§ **AVAILABLE RECORDS**
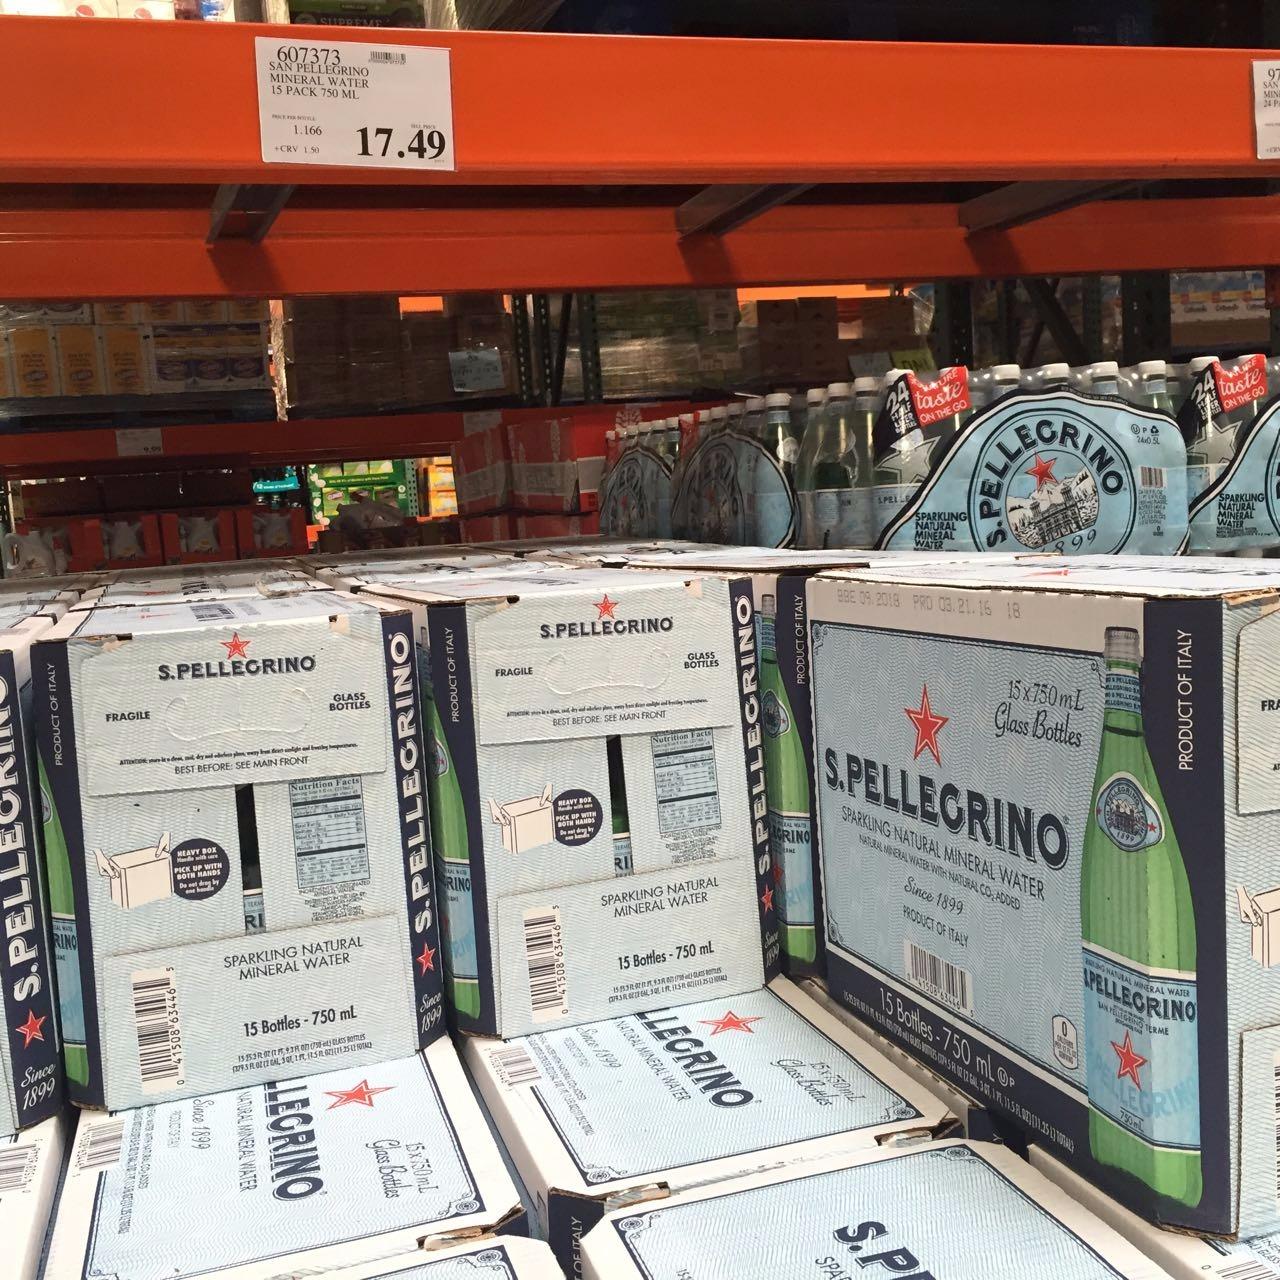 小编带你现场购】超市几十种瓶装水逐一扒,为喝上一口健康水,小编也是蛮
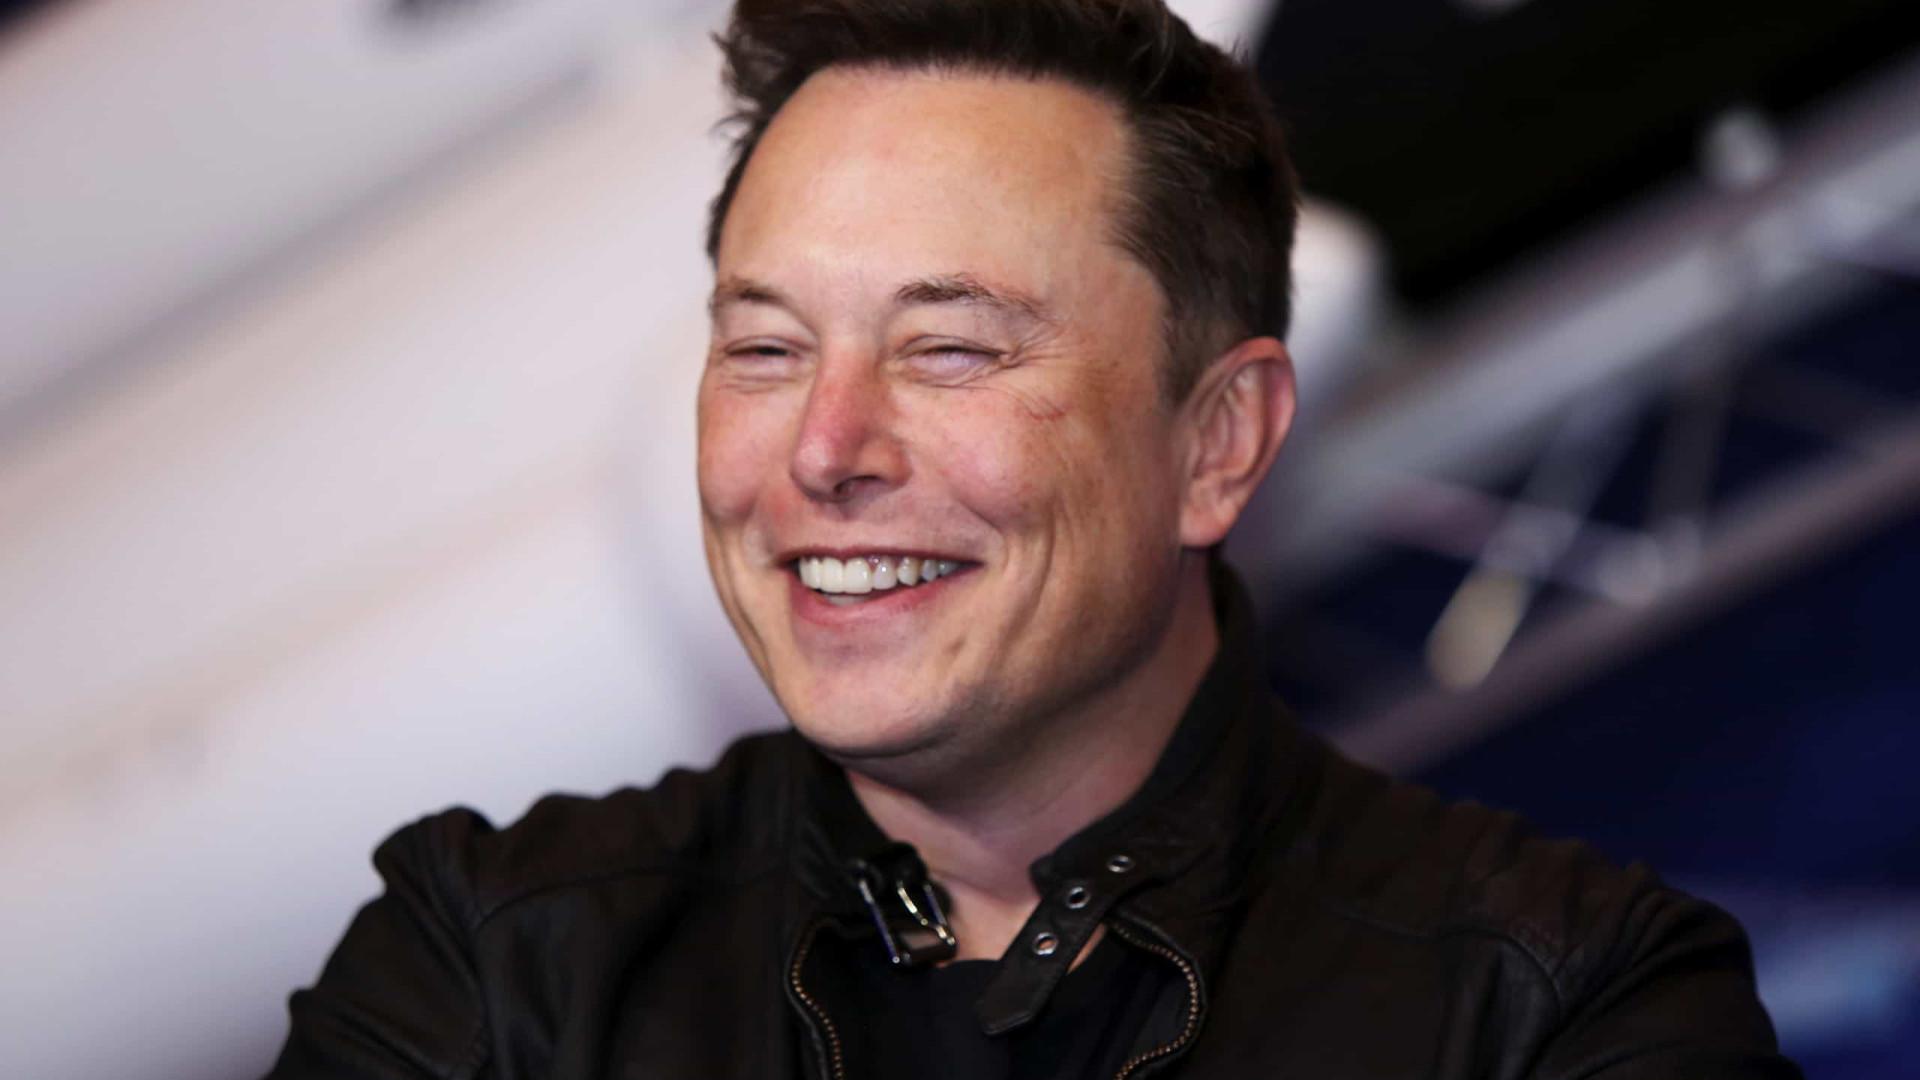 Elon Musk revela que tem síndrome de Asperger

--

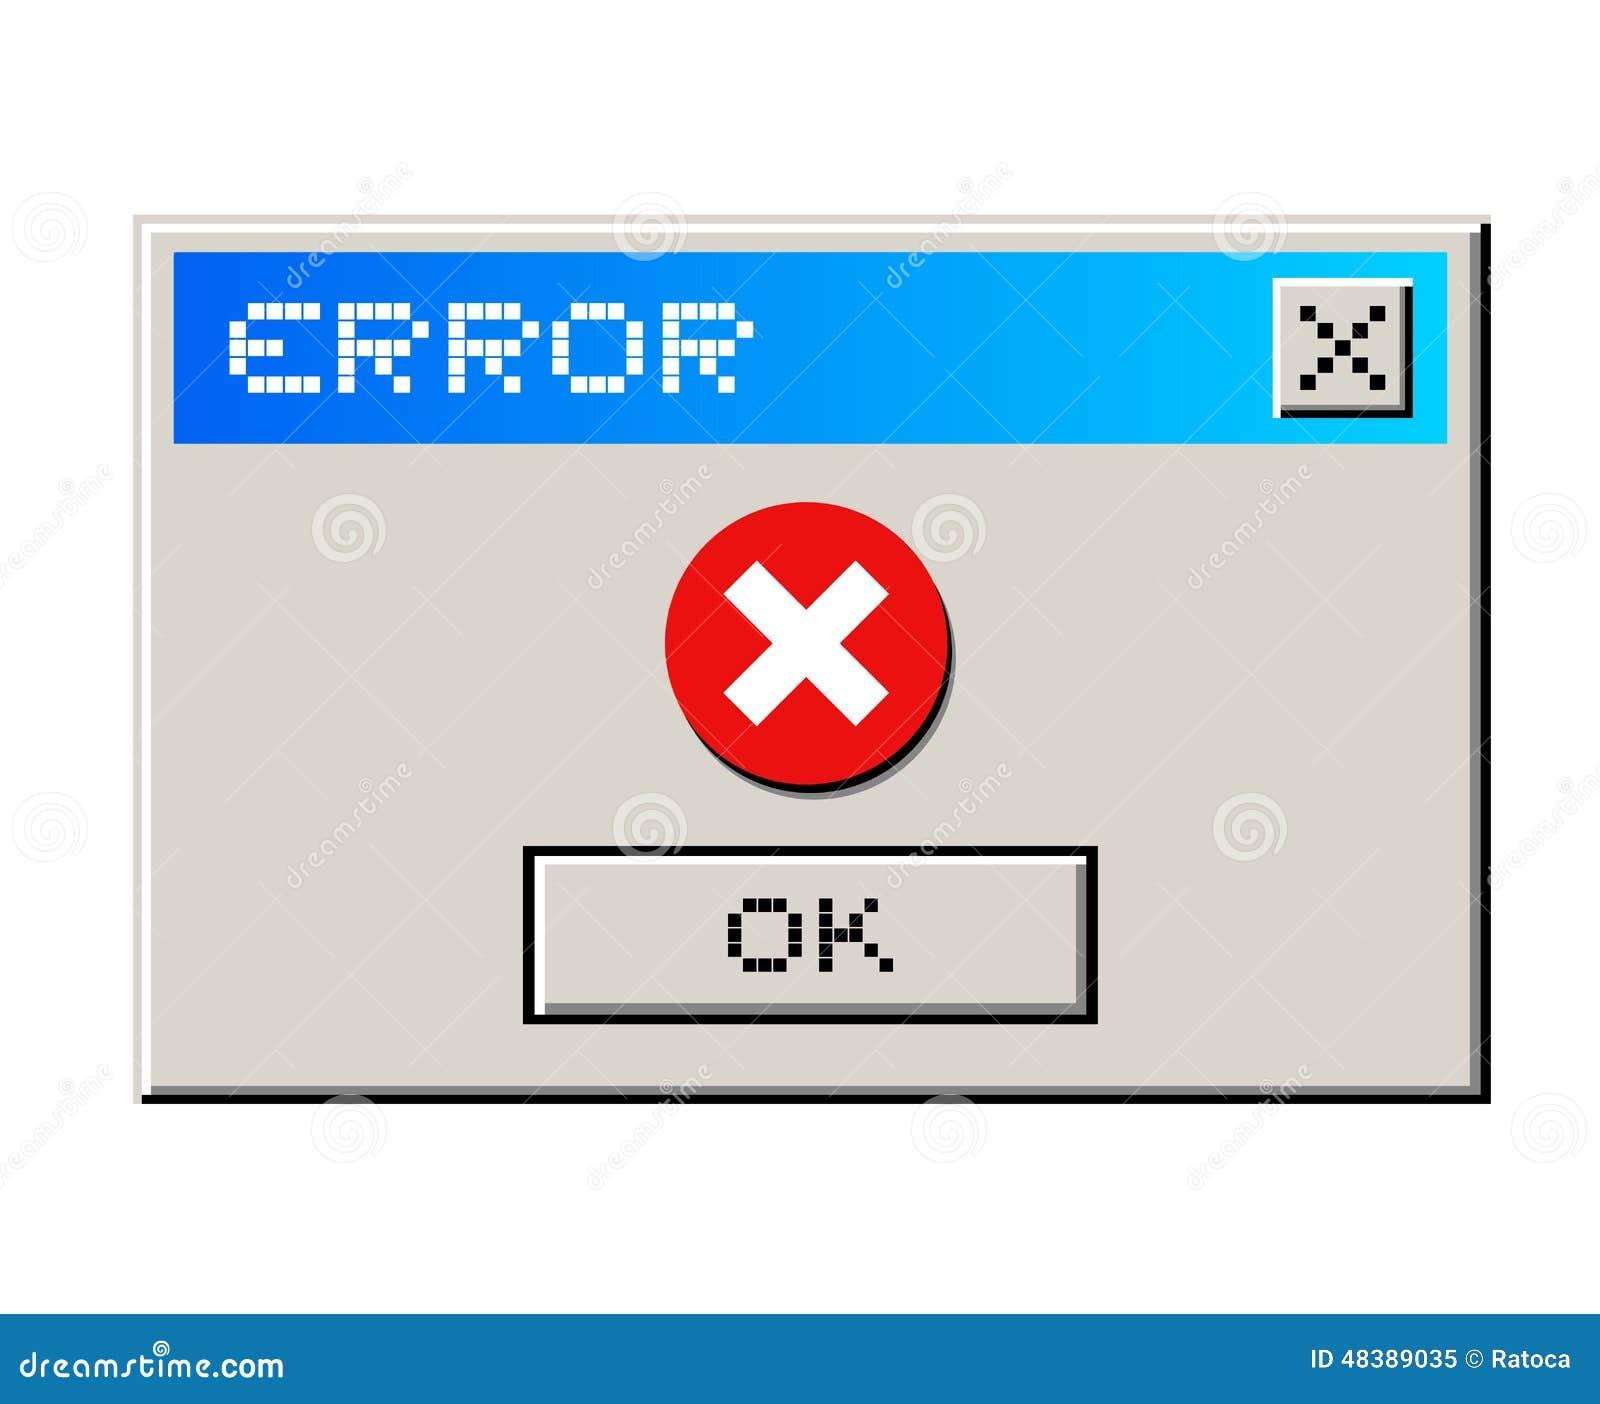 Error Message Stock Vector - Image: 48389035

...

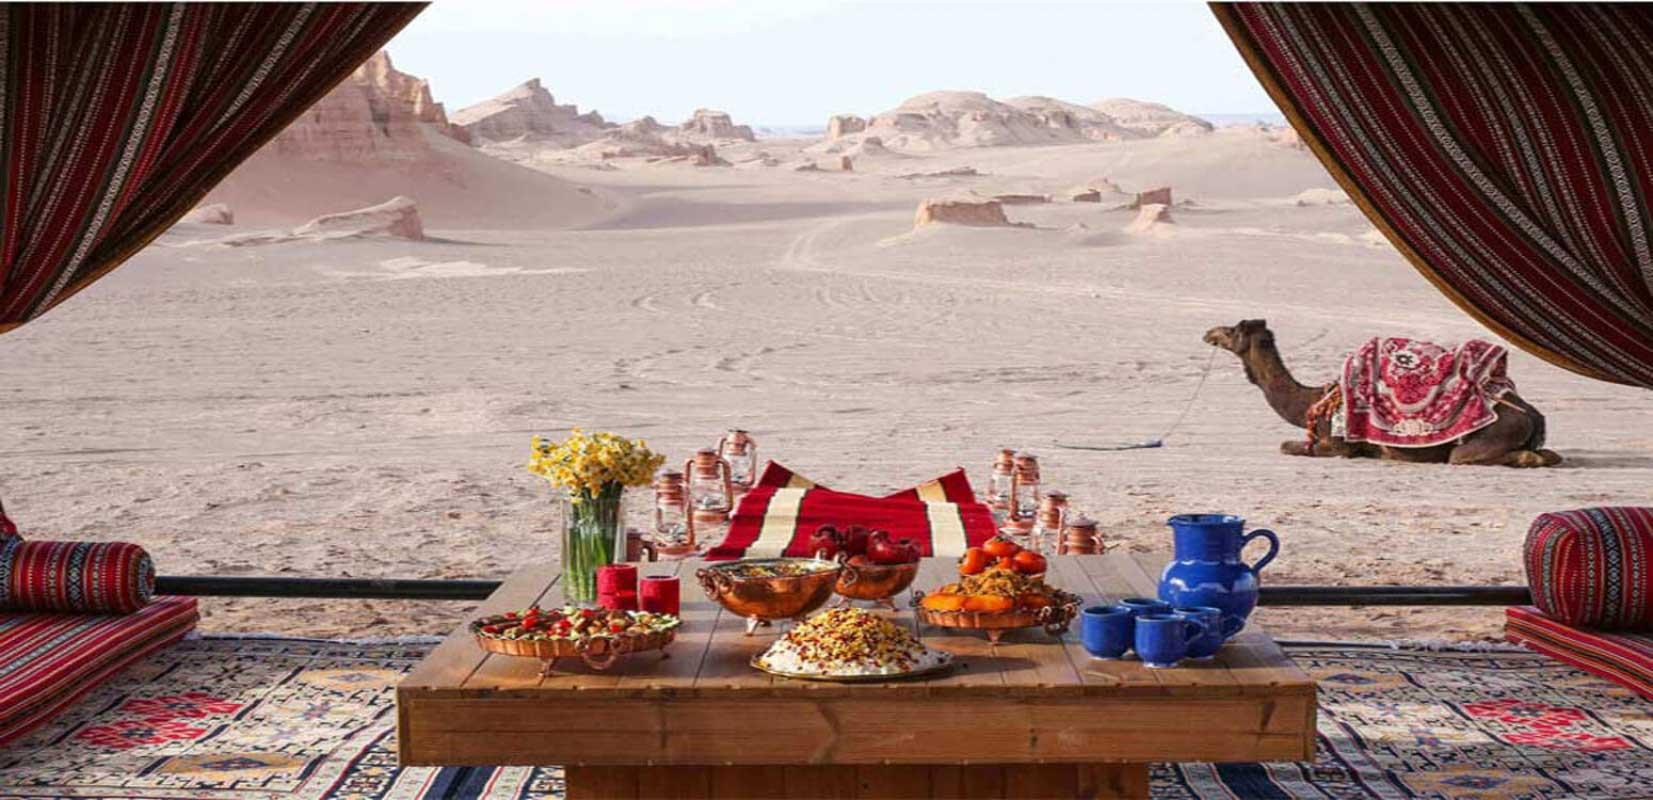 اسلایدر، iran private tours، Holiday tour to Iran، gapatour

§ **WHAT YOU NEED TO DO**
Beginning with the line above that contains "小编带你现场购】超市几十种瓶装水逐一扒,为喝上一口健康水,小编也是蛮" and ending with the line that contains "Elon Musk revela", quote each line exactly, keeping out the pictures.

§ **ANSWER BELOW**
 小编带你现场购】超市几十种瓶装水逐一扒,为喝上一口健康水,小编也是蛮
 Elon Musk revela que tem síndrome de Asperger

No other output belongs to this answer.